> What you need to do
Omit the pictures. Transcribe exactly the lines below, from the one with "Nuevo rifle semiautomático: BAR" up to and including the last.

> Recorded data
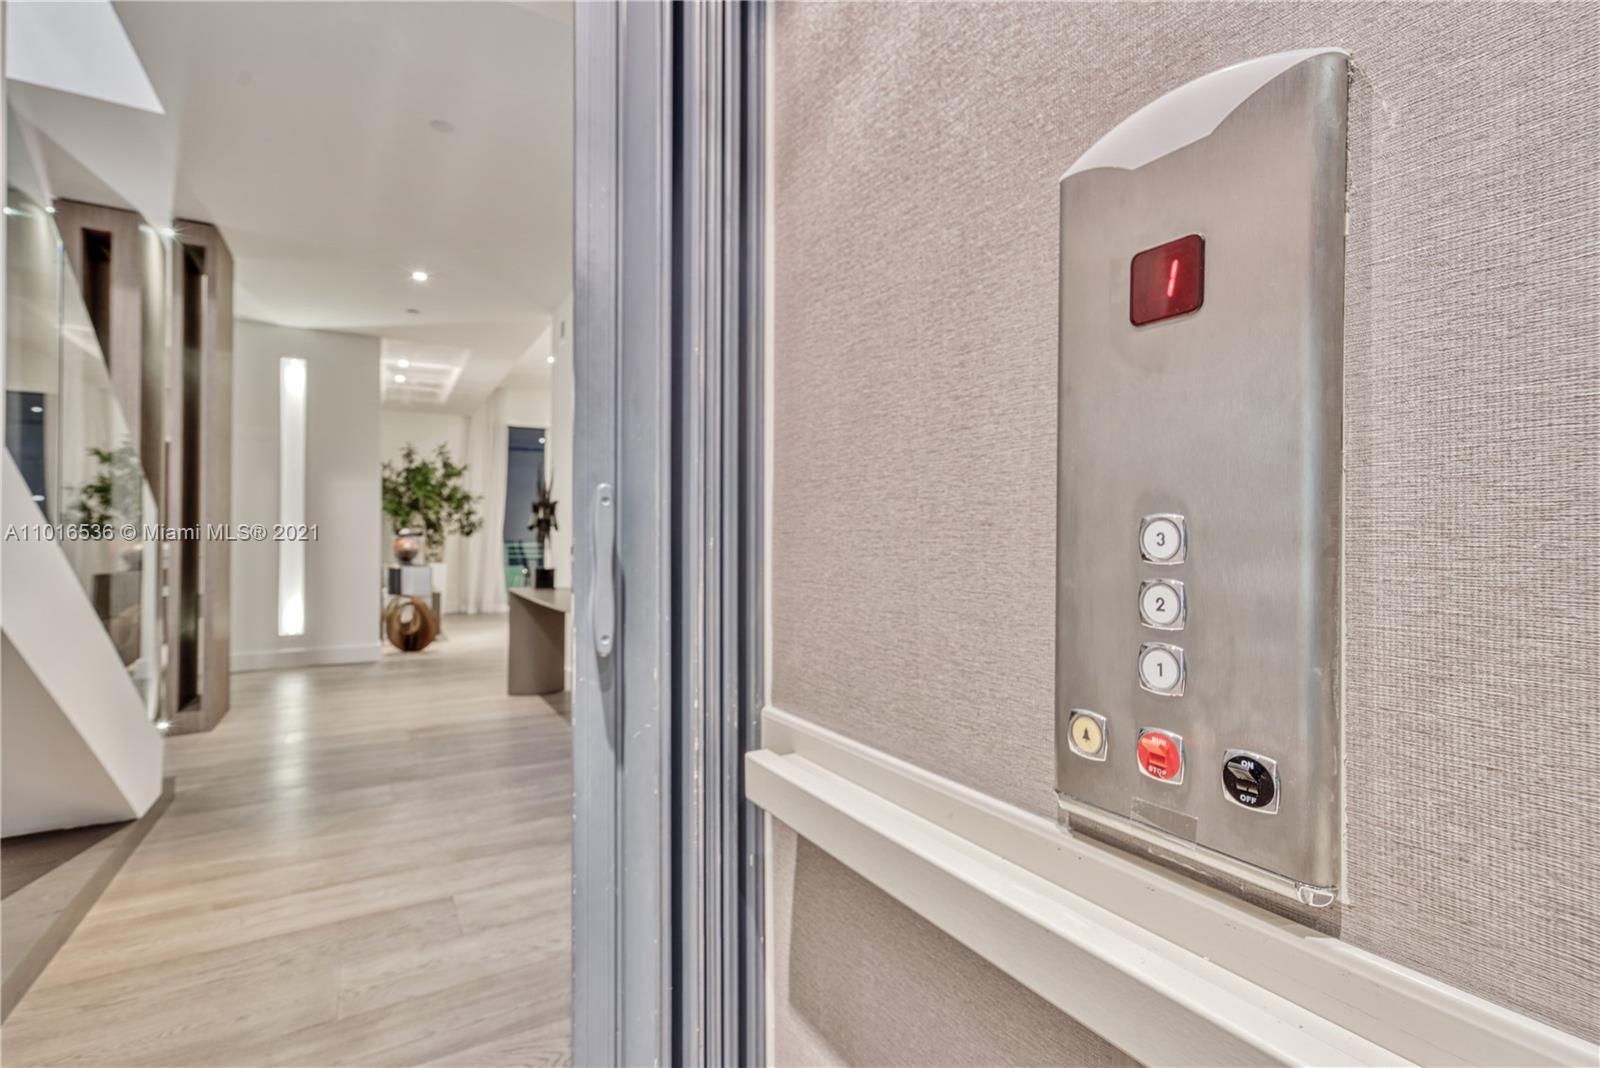 900 Brickell key blvd-PH4 miami-fl-33131-a11016536-Pic01
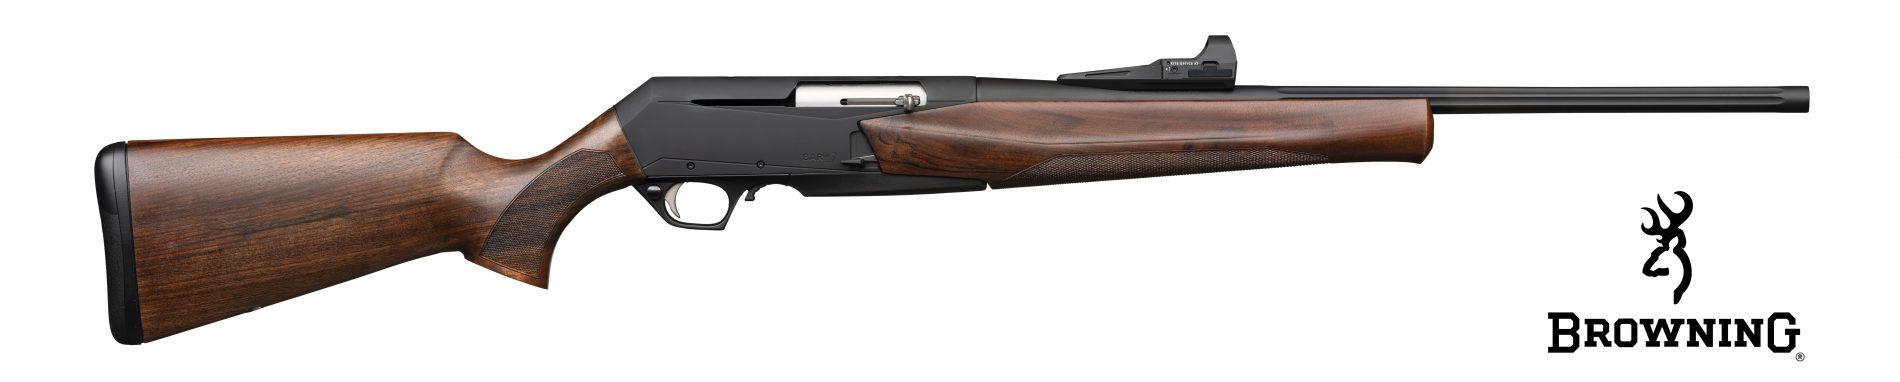 Nuevo rifle semiautomático: BAR MK3 REFLEX HUNTER
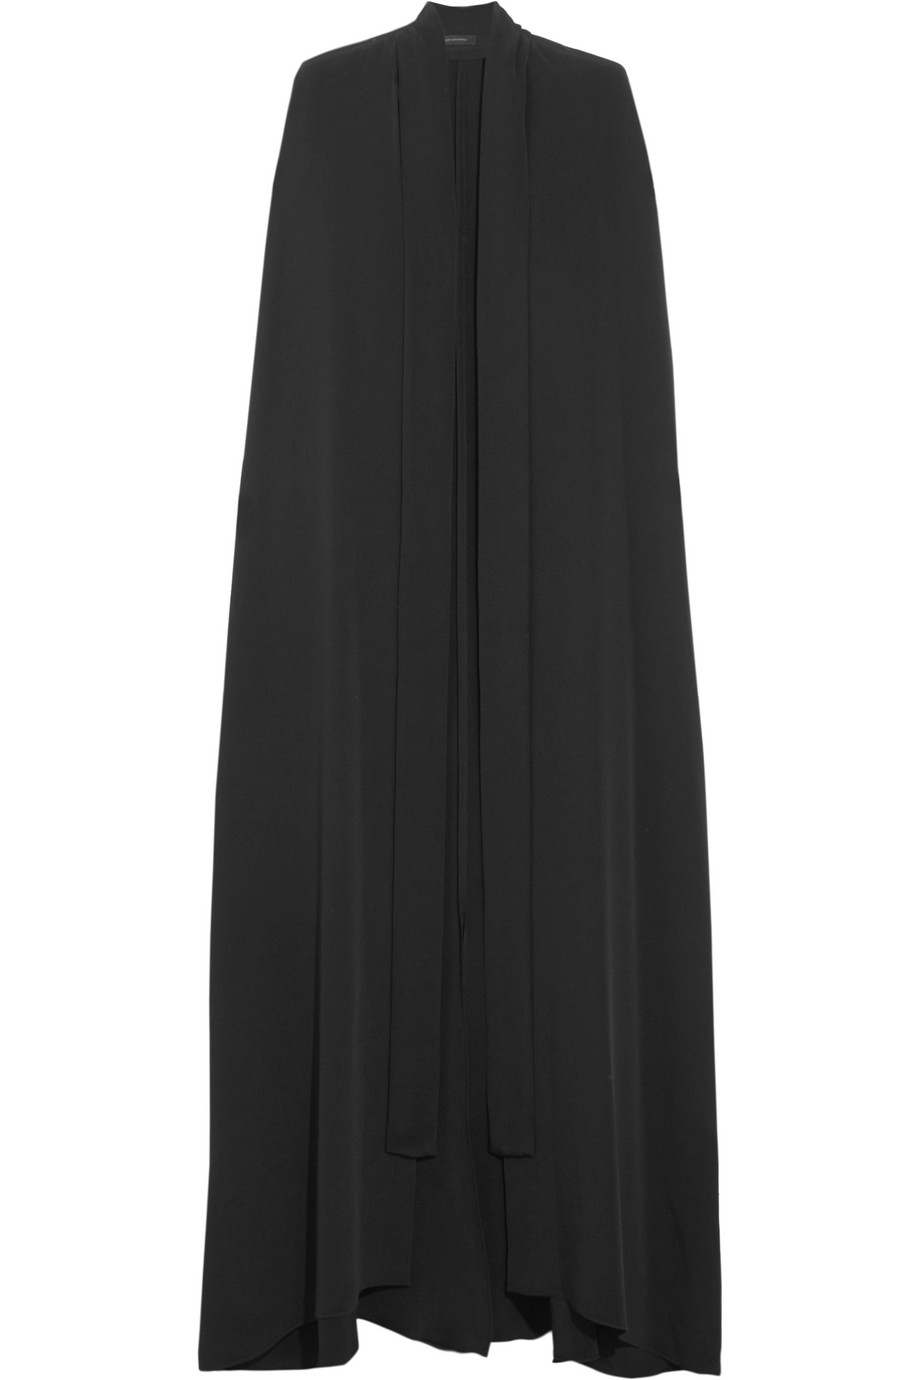 Avalon Silk-Crepe Cape, Black, Women's, Size: 4

> Reply
 Nuevo rifle semiautomático: BAR MK3 REFLEX HUNTER
 Avalon Silk-Crepe Cape, Black, Women's, Size: 4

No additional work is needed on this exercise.